SMT profiling with FreeBSD and pmcstat
pmcstat
pmcstat is the standard for accessing Performance Monitor Counter (PMC) events with FreeBSD. For profiling SMT, it is the equivalent of 'perf stat' above. It has slightly different syntax than perf, but is relatively straightforward, with flags and the command with arguments. The man pages (pmc(3), pmcstat(3)) are helpful, and there is some built-in help. The #Additional Resources section has links to other discussions of how to use pmcstat.
Although pmcstat can be run as a regular user, root is necessary to configure FreeBSD to load the hwmon module:
sysrc kld_list+=hwpmc
You will need to reboot. Once that is done, pmcstat will be available.
$ pmcstat -L | wc -l
889
The -L flag lists all of the PMC events that can be monitored. Any entry does not guarantee operation, and many generic aliases do not work for the POWER9 platform. -u gives a short blurb for the entry:
$ pmcstat -u pm_inst_cmpl pm_inst_cmpl: Number of PowerPC Instructions that completed
pmcstat can be set to monitor system-wide or application-specific monitoring. For this profiling application-specific will be used. There is a discussion of the application benchmark at SMT Profiling with Debian and perf
While the application is executing, pmcstat samples the PMCs periodically. The default setting is -w 5 for five second output with per interval incrementing. Intervals can be fractions of a second. The flag -C enables cumulative counting. -v adds verbosity, but this does not always actually mean anything. For application sampling, -p is used to specify the PMC event to be monitored. It is used as often as needed, once per event.

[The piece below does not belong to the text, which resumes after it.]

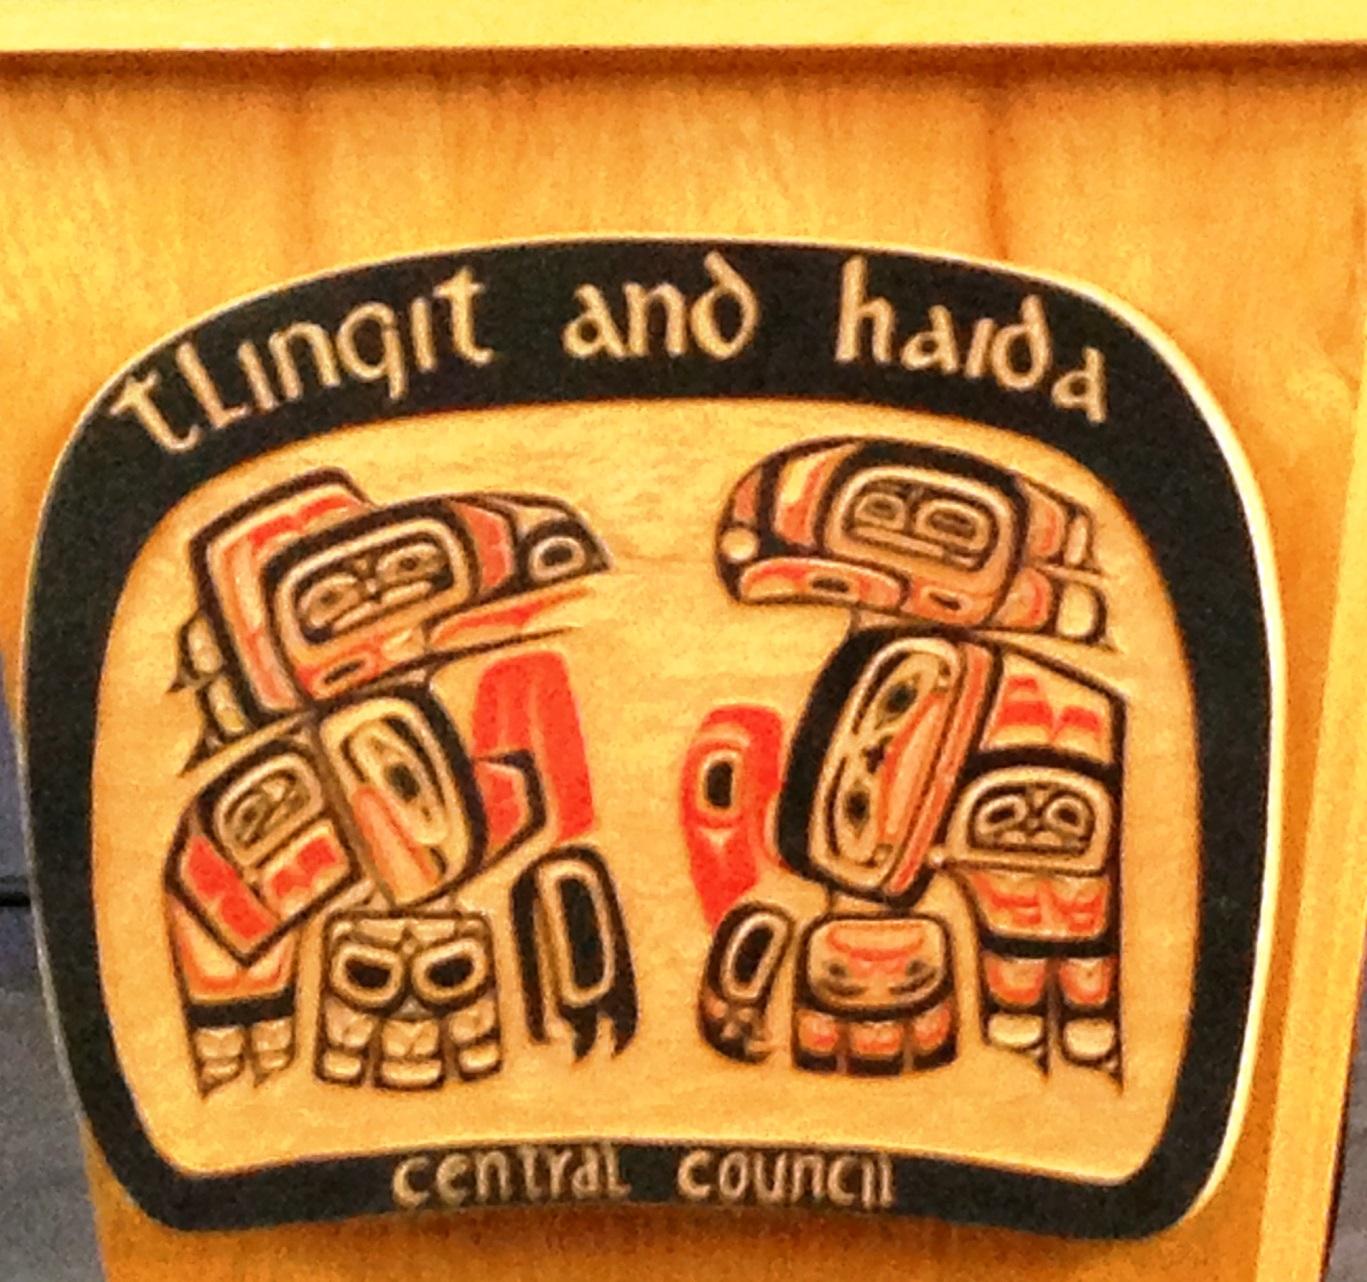 Tlingit-Haida Central Council OKs same-sex marriages

A typical use to count the number of completed (not issued or canceled) instructions, but with sampling once per second:
$ time pmcstat -w 1 -v -p pm_inst_cmpl ./cmp_mp -l 12 -j 2 -s CVD_OM002793.1 CVD_OM003364.1
num args: 8
-l optarg = 12
input/CVD_OM002793.1.fasta, input/CVD_OM003364.1.fasta
o_st.st_size: 29766 , t_st.st_size: 29766
min_pct_f = 1.00
min_len = 12
n_jobs = 2, map_size = 29764 (0x7444), slice_mod 0, against_sz 29764
# p/pm_inst_cmpl
7521205
0
0
0
0 number of sequences: 222
longest sequence: 3270 ([19475, 19475), (22744, 22744)]
file name: mp_CVD_OM003364.1_vs_CVD_OM002793.1_2_12_0_100_nuc.csv
973997
5.79 real 0.00 user 0.01 sys
From the earlier discussion of the benchmark software, the output from the comparison code should be recognizable. Separating the pmcstat-specific output:
# p/pm_inst_cmpl
7521205
0
0
0
0
...
973997
In the first second, 7,521,205 instructions completed. As can be seen, no additional instructions were completed, so the description is perhaps incomplete. This will be explored later.
Baseline profiling
Profiling FreeBSD with pmcstat shows both a very different SMT usage and the strong hint that something has broken in the performance monitoring code. Profiling was actually quite difficult, and the results presented here should be viewed as incomplete. For example, there is no -r/--repeat functionality in pmcstat. To profile code 100 times, it must be run 100 times. To aggregate results, the user could write a script to sum the results and do variance. This was not done for this article because too many other things seem broken.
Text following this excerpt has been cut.